Procès du crash d’Air Algérie : la justice européenne freine le procès en France

La Cour de justice de l'Union européenne (CJUE) a déclaré, le 3 avril, irrecevable une demande transmise par le tribunal correctionnel de Paris relative à l'affaire du crash, en 2014, d'un avion loué par la compagnie Air Algérie auprès de la compagnie espagnole Swiftair. Une décision qui risque de retarder davantage la tenue du procès.
Le 24 juillet 2014, le vol AH5017 d'Air Algérie, reliant Alger à Ouagadougou, s'écrase au nord du Mali. 116 passagers, dont 54 Français, et 6 membres d'équipage y trouvent la mort.
Après des années d'enquêtes et de procédures, le tribunal correctionnel de Paris devait juger, en octobre 2023, pour homicide involontaire, la compagnie espagnole Swiftair. Cette dernière avait loué l'appareil et l'équipage à Air Algérie afin d'assurer la liaison aérienne entre Alger et Ouagadougou.

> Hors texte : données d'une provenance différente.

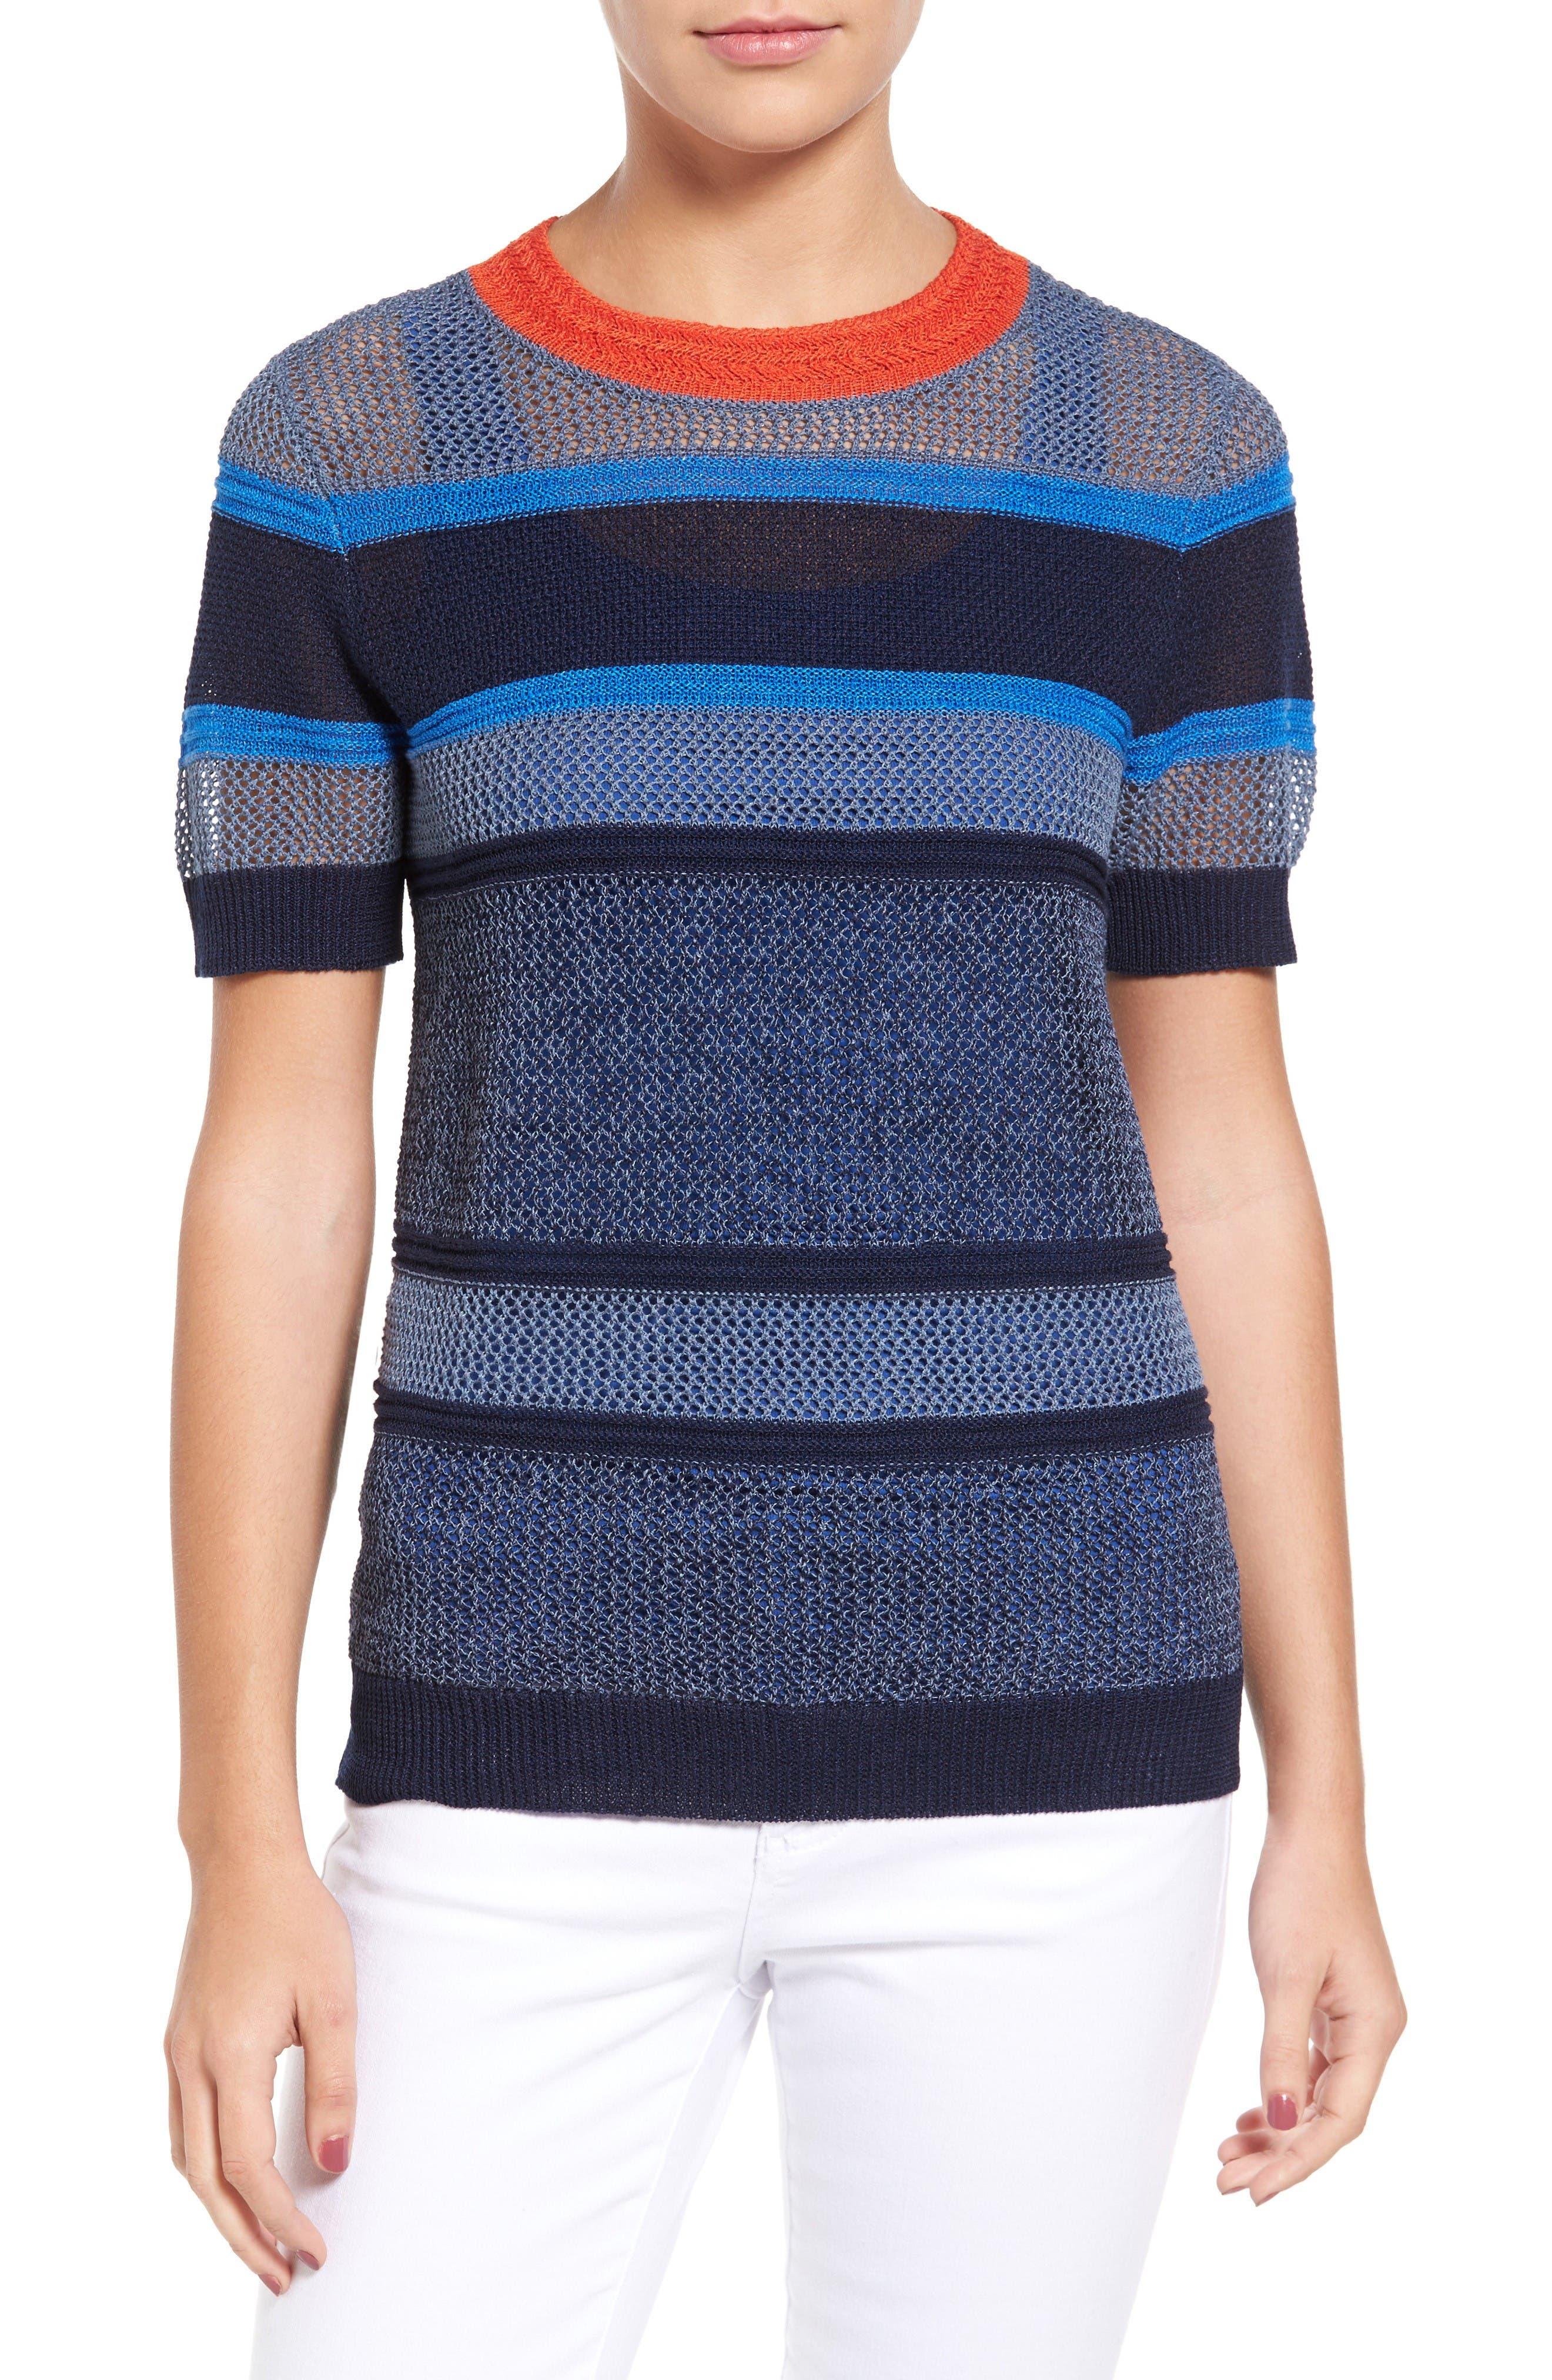 Alternate Image 1 Selected - Halogen® Stripe Open Stitch Sweater (Regular & Petite)
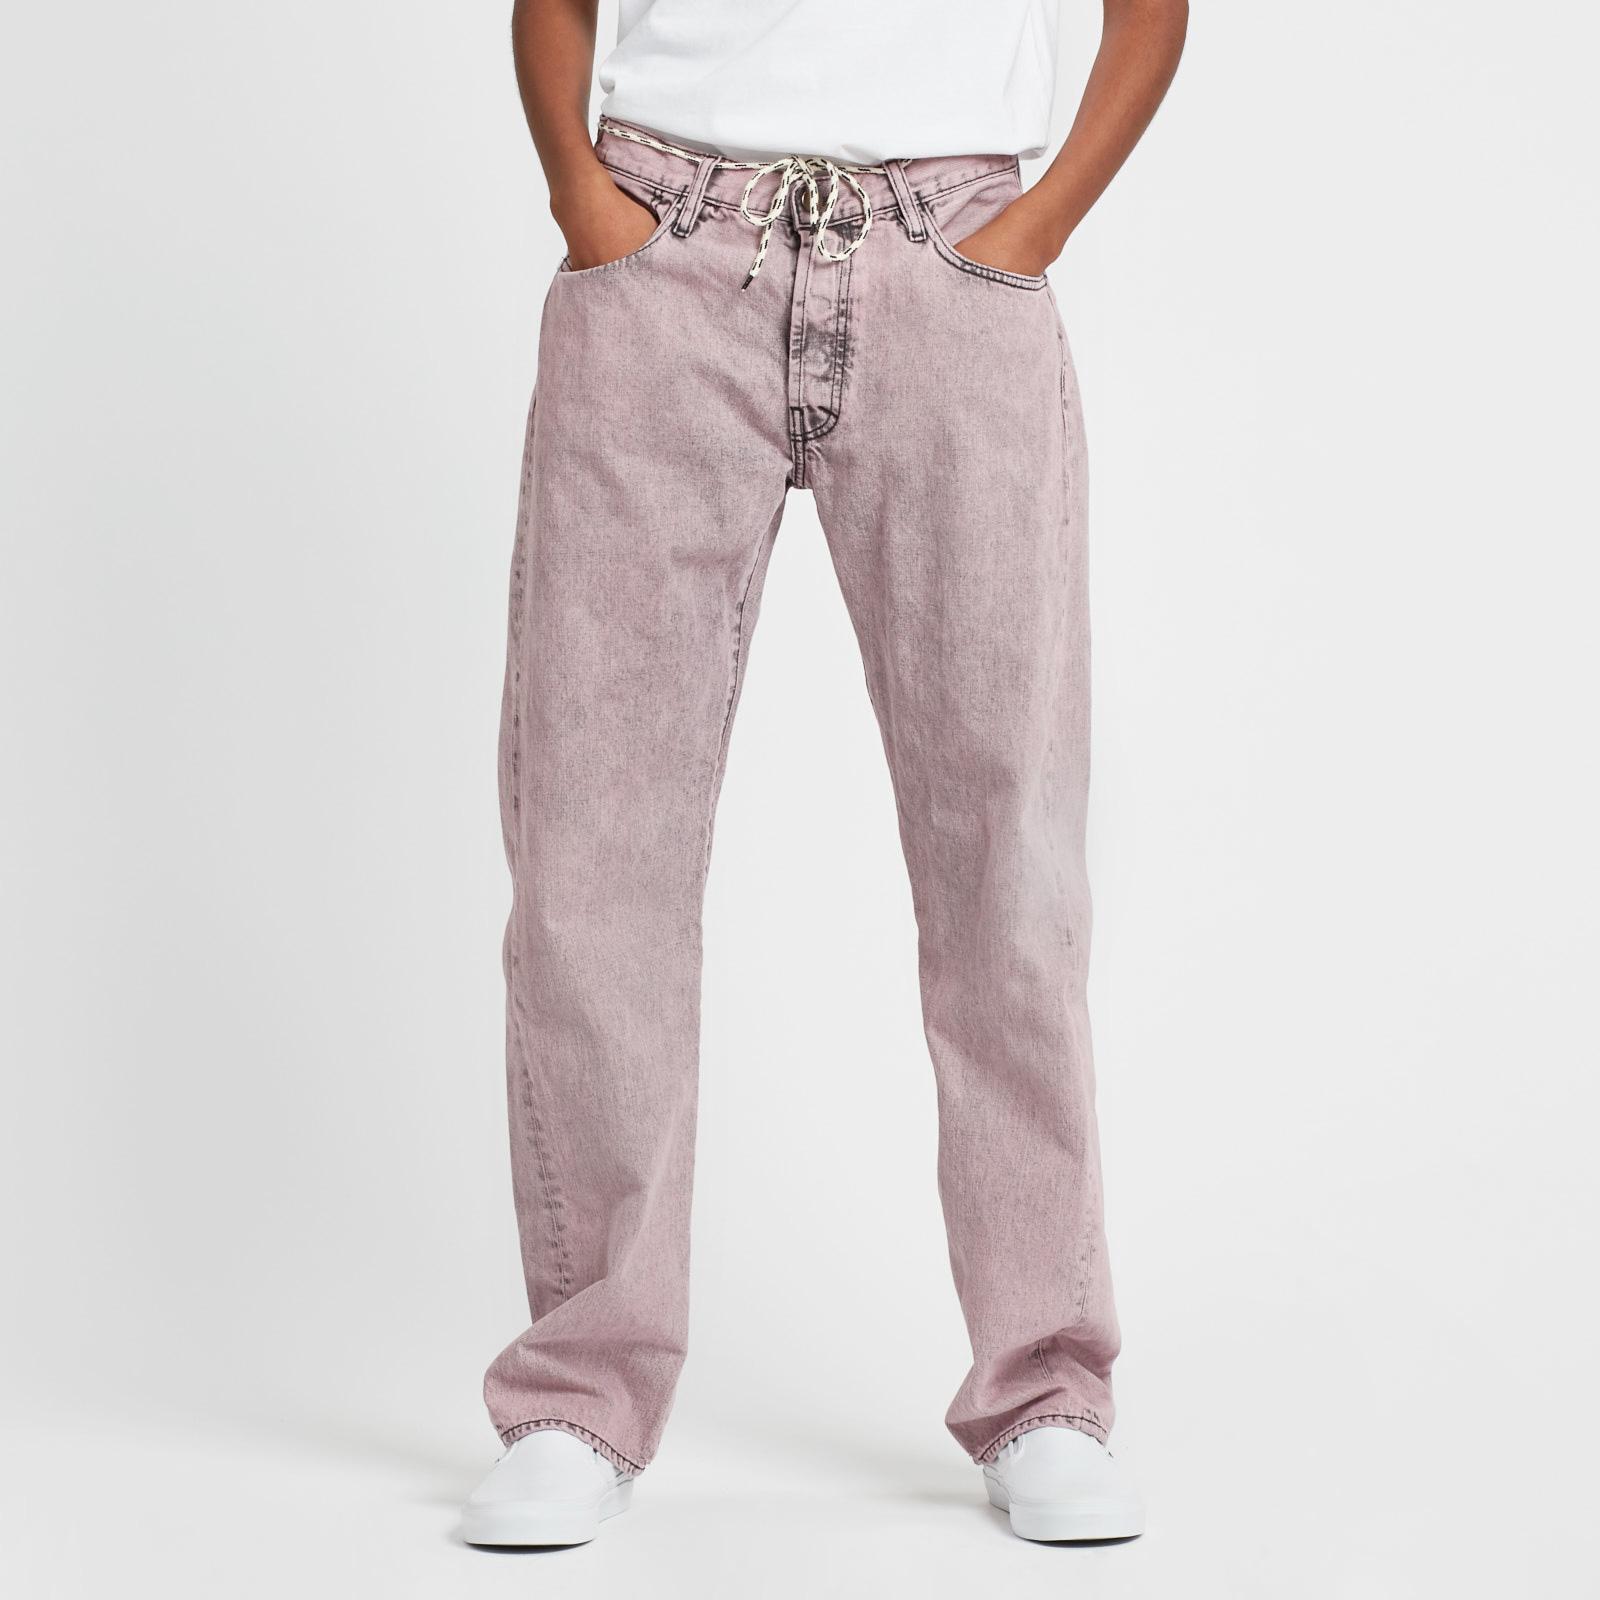 b517c3f73b3fe0 Aries Lilly Aceed Jeans - Soar30501 - Sneakersnstuff | sneakers ...

En juillet 2023, et sur demande de la compagnie espagnole, le tribunal correctionnel de Paris a transmis à la Cour de justice de l'Union européenne (CJUE) quatre questions préjudicielles.
Parmi ces questions, celle de l'applicabilité du principe de non bis in idem, qui stipule que nul ne peut être poursuivi ou puni deux fois pour les mêmes faits. En effet, la compagnie Swiftair estimait avoir été jugée en Espagne, où elle avait bénéficié d'un non-lieu à l'issue d'une enquête.
Irrecevable sur la forme
Dans son arrêt, point 32, la CJUE déclare irrecevable la demande de décision préjudicielle dans son ensemble. Cette décision est motivée, comme mentionné dans le point 31, par le fait que «la Cour ne dispose pas des éléments de fait et de droit nécessaires pour répondre de façon utile aux questions qui lui sont posées...».
La CJUE conclut que la juridiction de renvoi, le tribunal correctionnel de Paris, «conserve toutefois la faculté de soumettre une nouvelle demande de décision préjudicielle contenant l’ensemble des éléments permettant à la Cour de statuer».
Un risque de nouveau report du procès
En d'autres termes, la compagnie aérienne espagnole conserve le droit de demander à nouveau au tribunal correctionnel de Paris de soumettre une nouvelle demande de décision préjudicielle, ce qui va retarder encore la tenue du procès.
Jointe par l'AFP, l’avocate de la compagnie, Rachel Lindon, a dit regretter cette «non-réponse de la Cour de justice» de l’Union européenne. Quant à savoir si la compagnie entendait soulever de nouveau des questions préjudicielles, elle a jugé qu’il serait «prématuré» d’y répondre.
De son côté, l'avocat des associations AH5017-Ensemble et Fenvac a déclaré que l'arrêt de la CJUE est décevant et qu'il crée une situation qui «risque de retarder une fois de plus la tenue d’un procès».
En 2015, une expertise judiciaire conduite par des experts français a révélé qu'il y avait eu une succession d'erreurs, de maladresses et d'incompétences de la part des pilotes de la compagnie, qui ont conduit au crash.